Work item
With the pictures left out, print exactly the lines below that run from the one containing "Irresistible Font - All" through the one containing "29th June, Eastbourne, UK.".

Data for processing

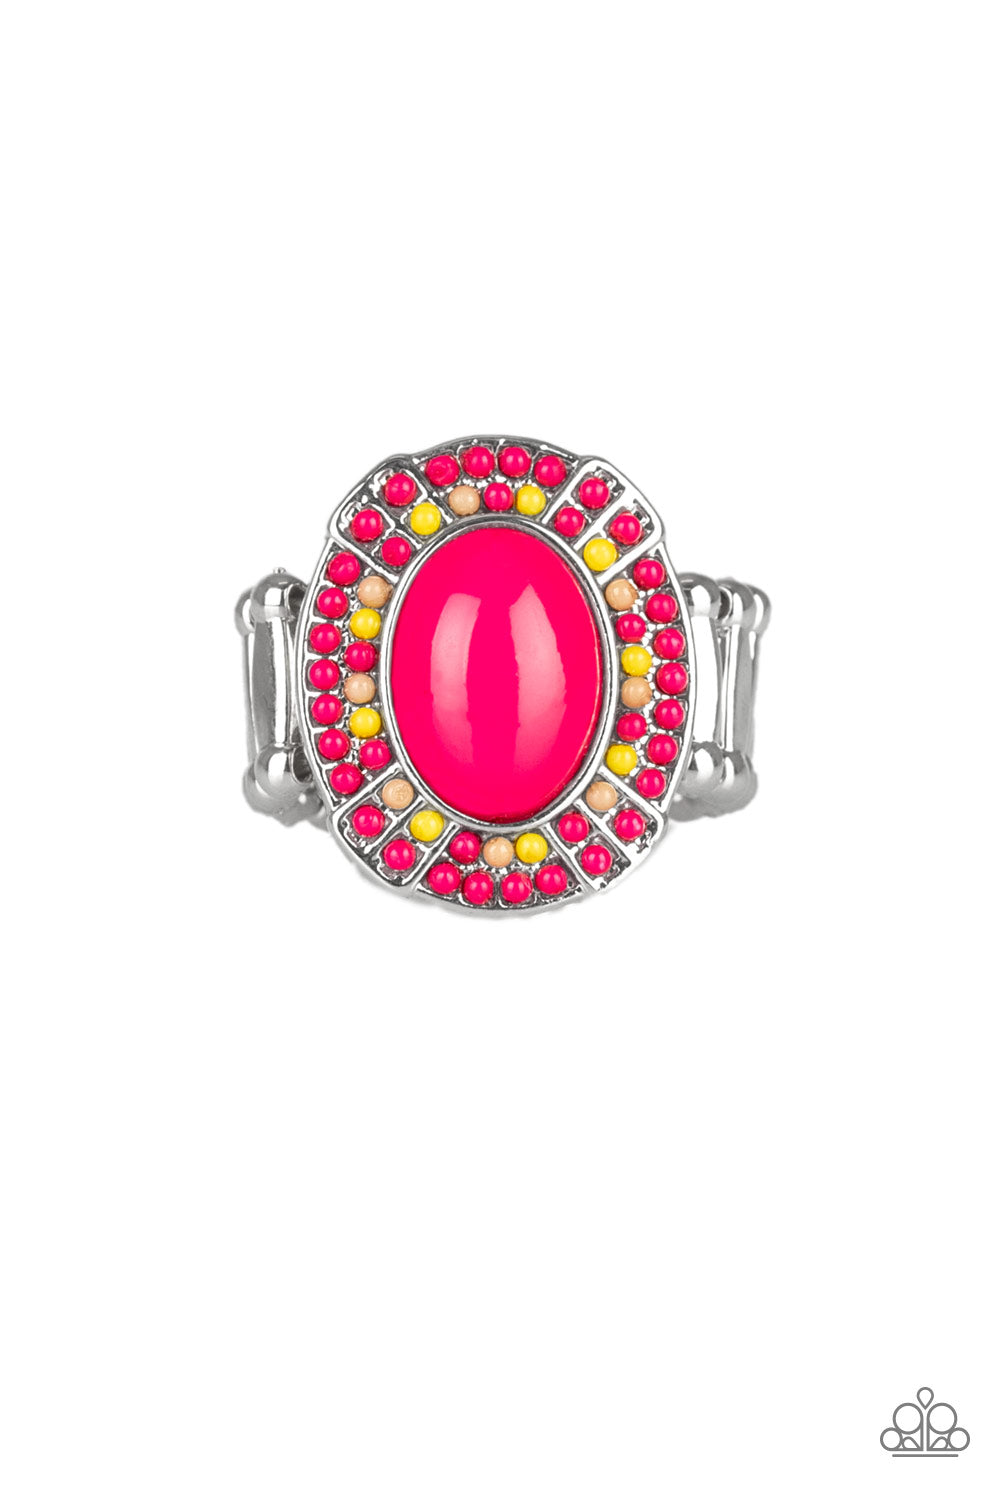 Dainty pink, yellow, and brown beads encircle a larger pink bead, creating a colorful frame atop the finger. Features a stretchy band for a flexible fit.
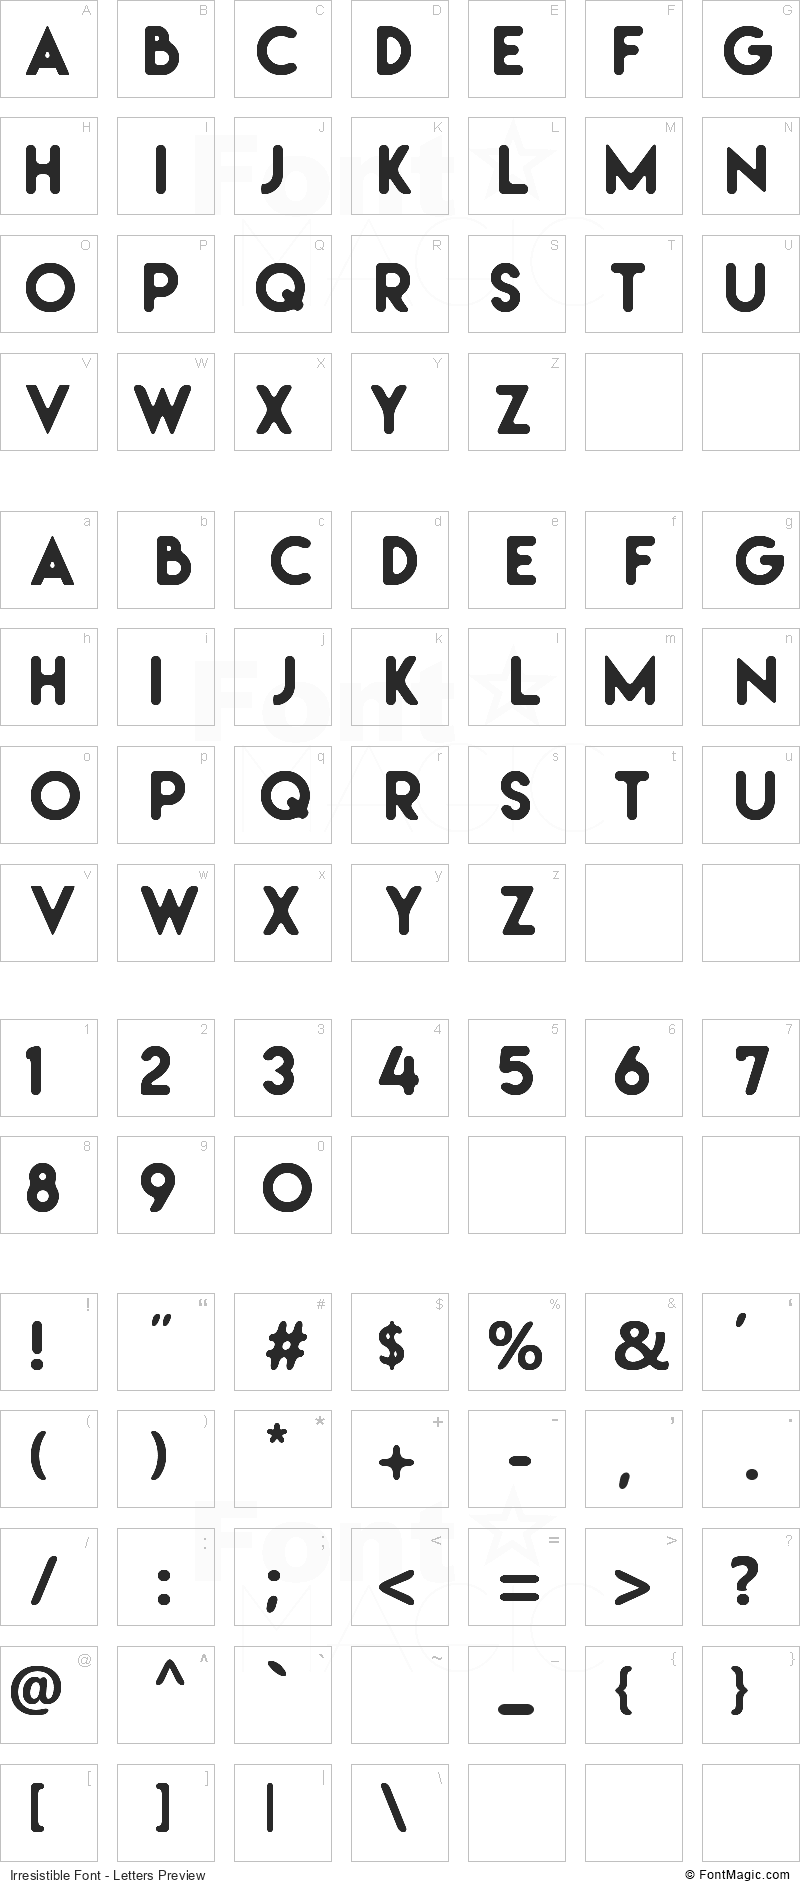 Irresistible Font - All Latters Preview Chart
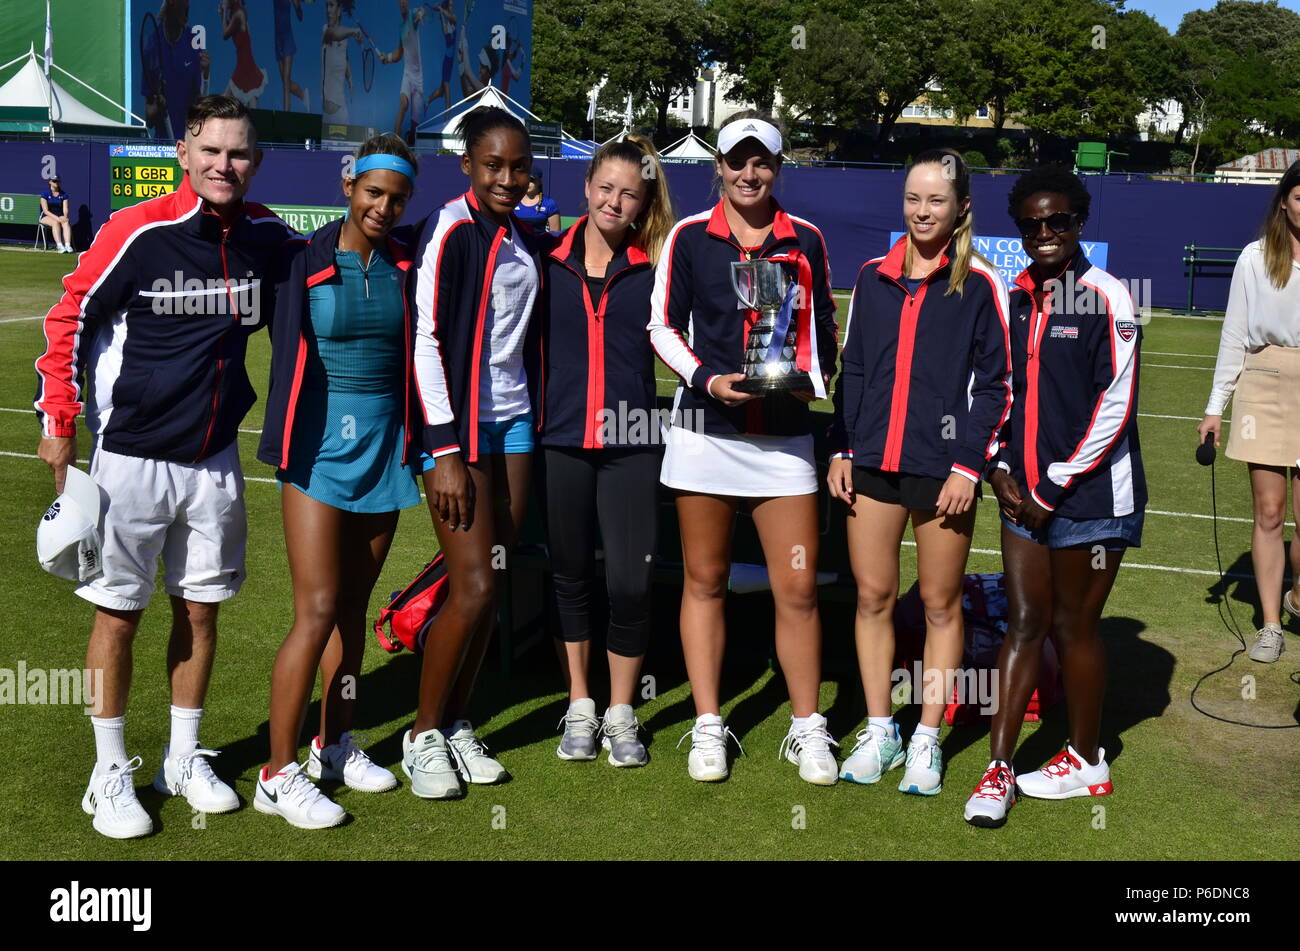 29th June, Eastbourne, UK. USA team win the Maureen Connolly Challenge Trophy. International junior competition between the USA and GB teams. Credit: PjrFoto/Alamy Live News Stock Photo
---
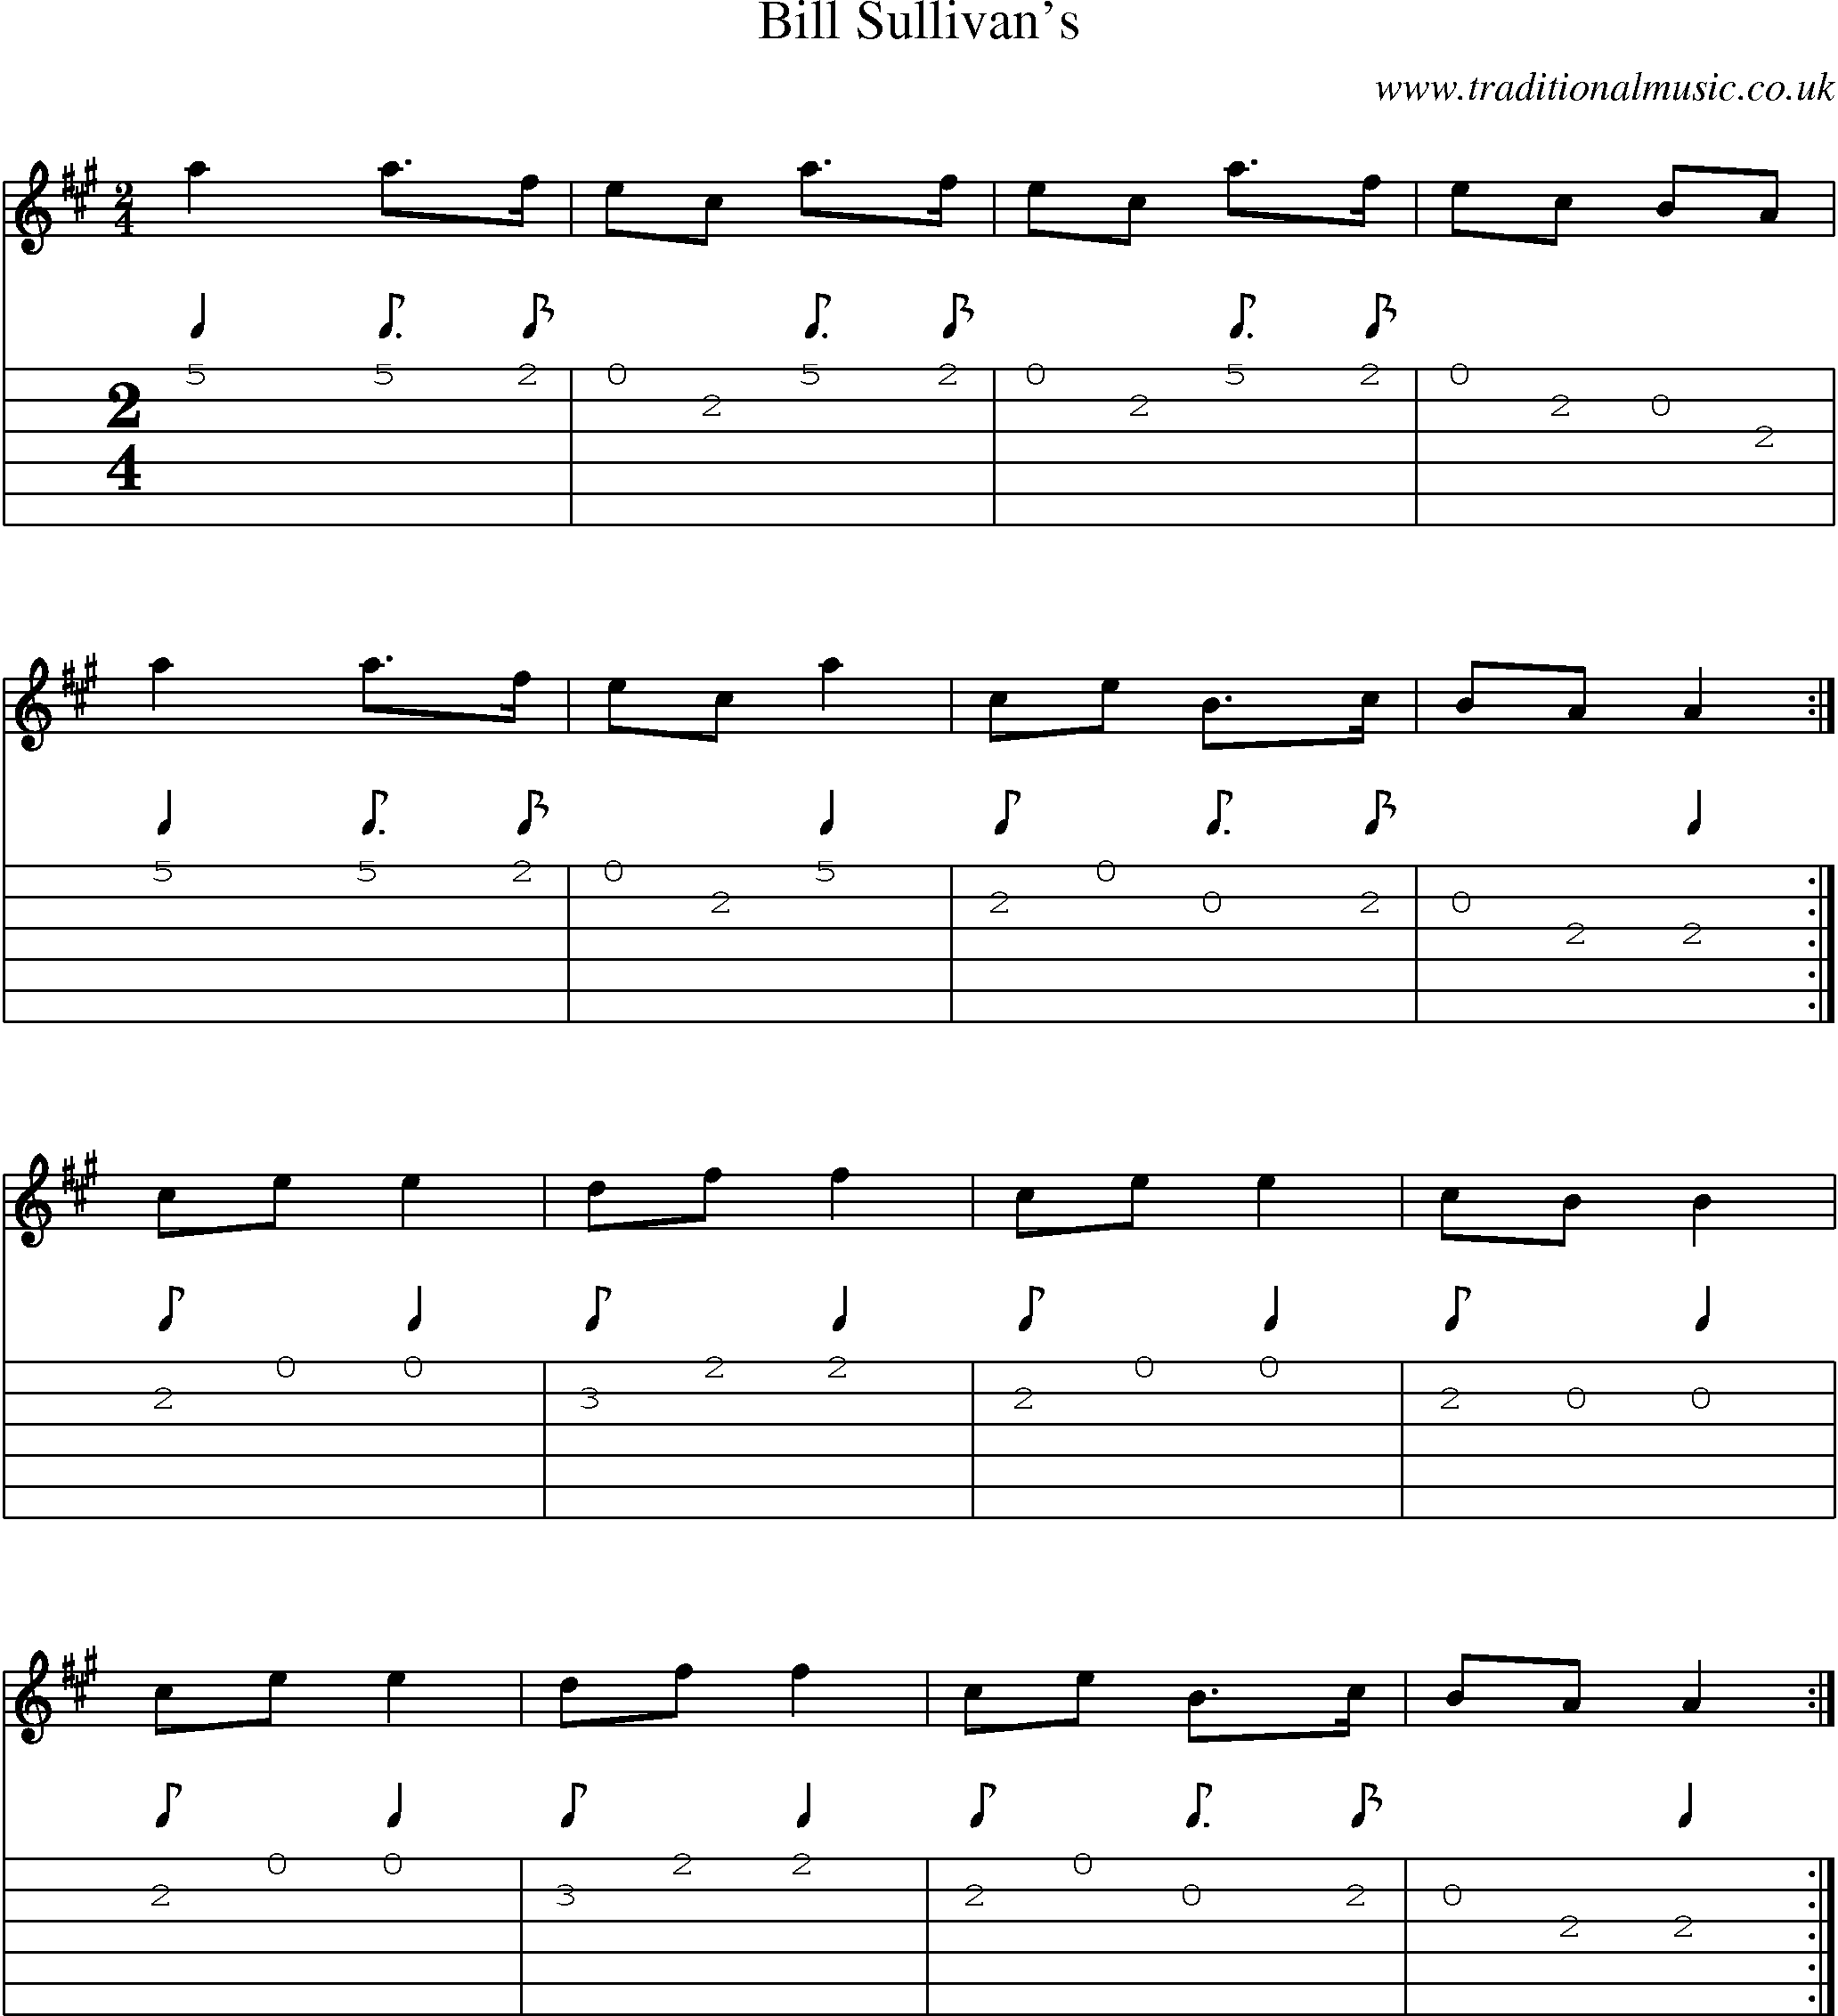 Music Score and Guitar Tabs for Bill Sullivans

Answer area
 Irresistible Font - All Latters Preview Chart
 29th June, Eastbourne, UK. USA team win the Maureen Connolly Challenge Trophy. International junior competition between the USA and GB teams. Credit: PjrFoto/Alamy Live News Stock Photo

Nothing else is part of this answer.